Мгновением позже шаг к ней сделал и Элиас, однако, осознав, что Моше его уже опередил, он резко повернулся, отошел в сторону и уставился на стену, пытаясь казаться равнодушным.
– Мириам… – повторил Моше, подходя к женщине. Та ему ничего не ответила.
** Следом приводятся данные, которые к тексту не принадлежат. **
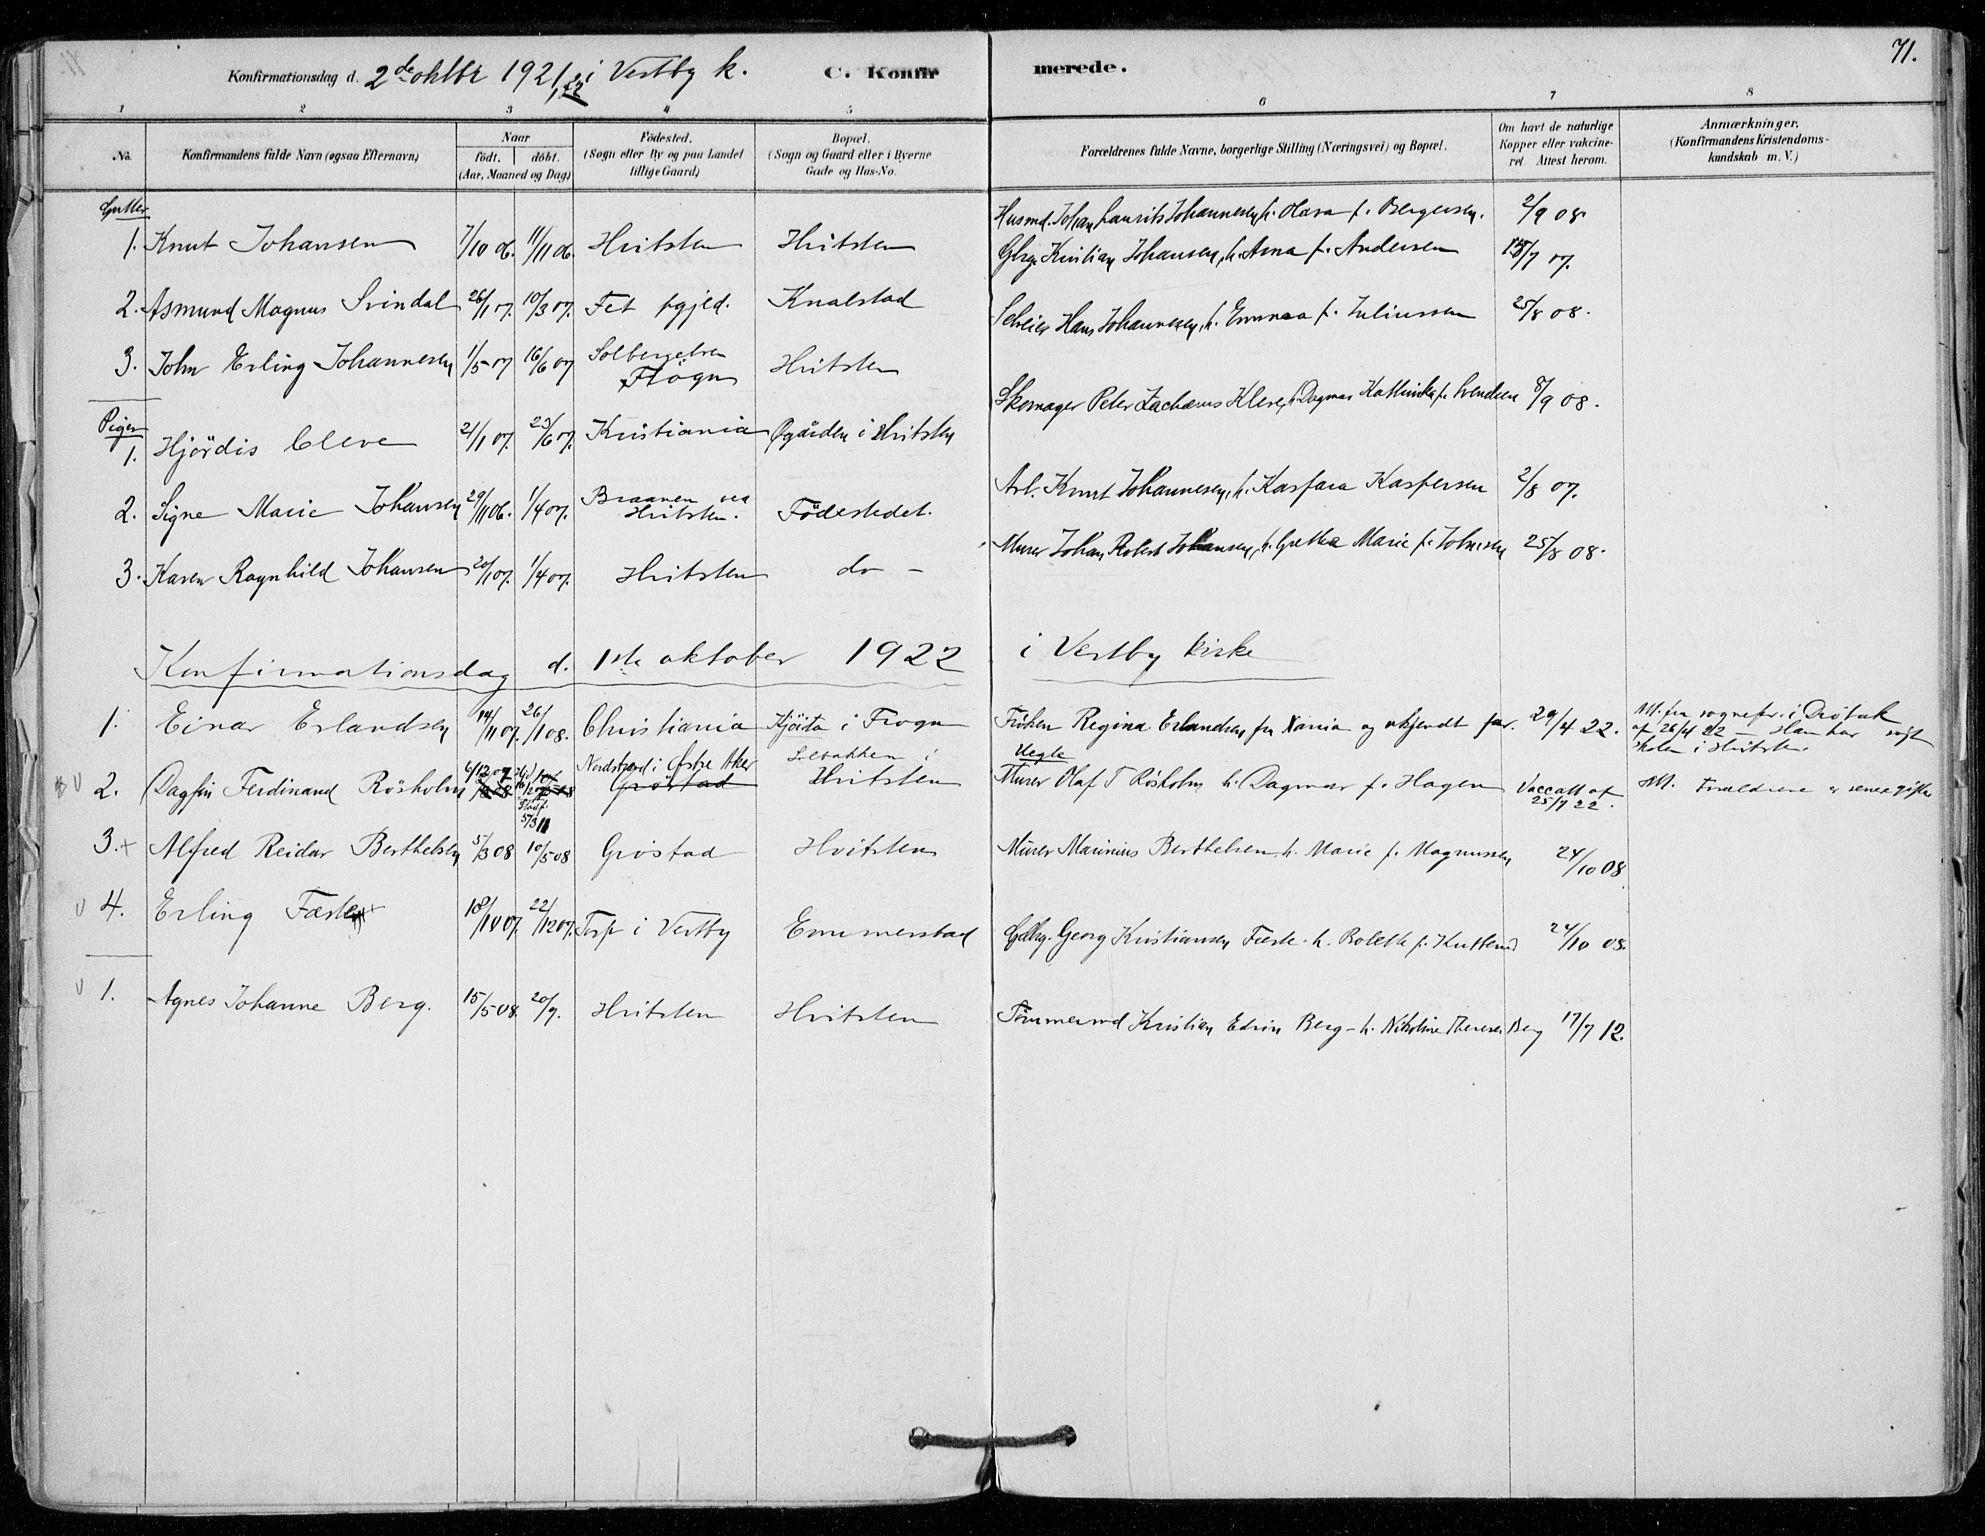 SAO, Vestby prestekontor Kirkebøker, F/Fd/L0001: Ministerialbok nr. IV 1, 1878-1945, s. 71

Лицо Алексея расплылось в ухмылке.
– Ух ты! – сказал он. – Похоже, к нам сюда прибыла лагерная потаскушка.
Пауль, все это время хранивший молчание, вдруг с рассвирепевшим видом рявкнул:
– Ruhe, Schwein![58]
Подскочив к Алексею, он ткнул ему пальцем в грудь и сказал:
– Я займаю посаду в германському управлінні. Якщо доторкнешся до цієї жінки ще раз, я зроблю так, що ти згориш у крематорії. Зрозумів?[59]
Алексей, побледнев, испуганно закрыл рот. Присущая ему наглость тут же куда-то улетучилась. Так ничего и не ответив, он опустил взгляд и уставился в пол. Остальные заключенные ошеломленно смотрели на эту сцену, не понимая, что происходит.
– Что он тебе сказал? – спросил у Алексея Яцек.
Его помощник ничего не ответил хозяину.
Моше тем временем подошел почти вплотную к Мириам и протянул было руку, чтобы легонько погладить ее по голове, однако не успел ее коснуться, как она резко отбила ладонью его руку в сторону.
– Не трогай меня!
– Мириам, ты не знаешь… Мы…
– Все я знаю. Herr Oberscharführer мне все разъяснил. Мы должны выбрать одного из нас до завтрашнего утра.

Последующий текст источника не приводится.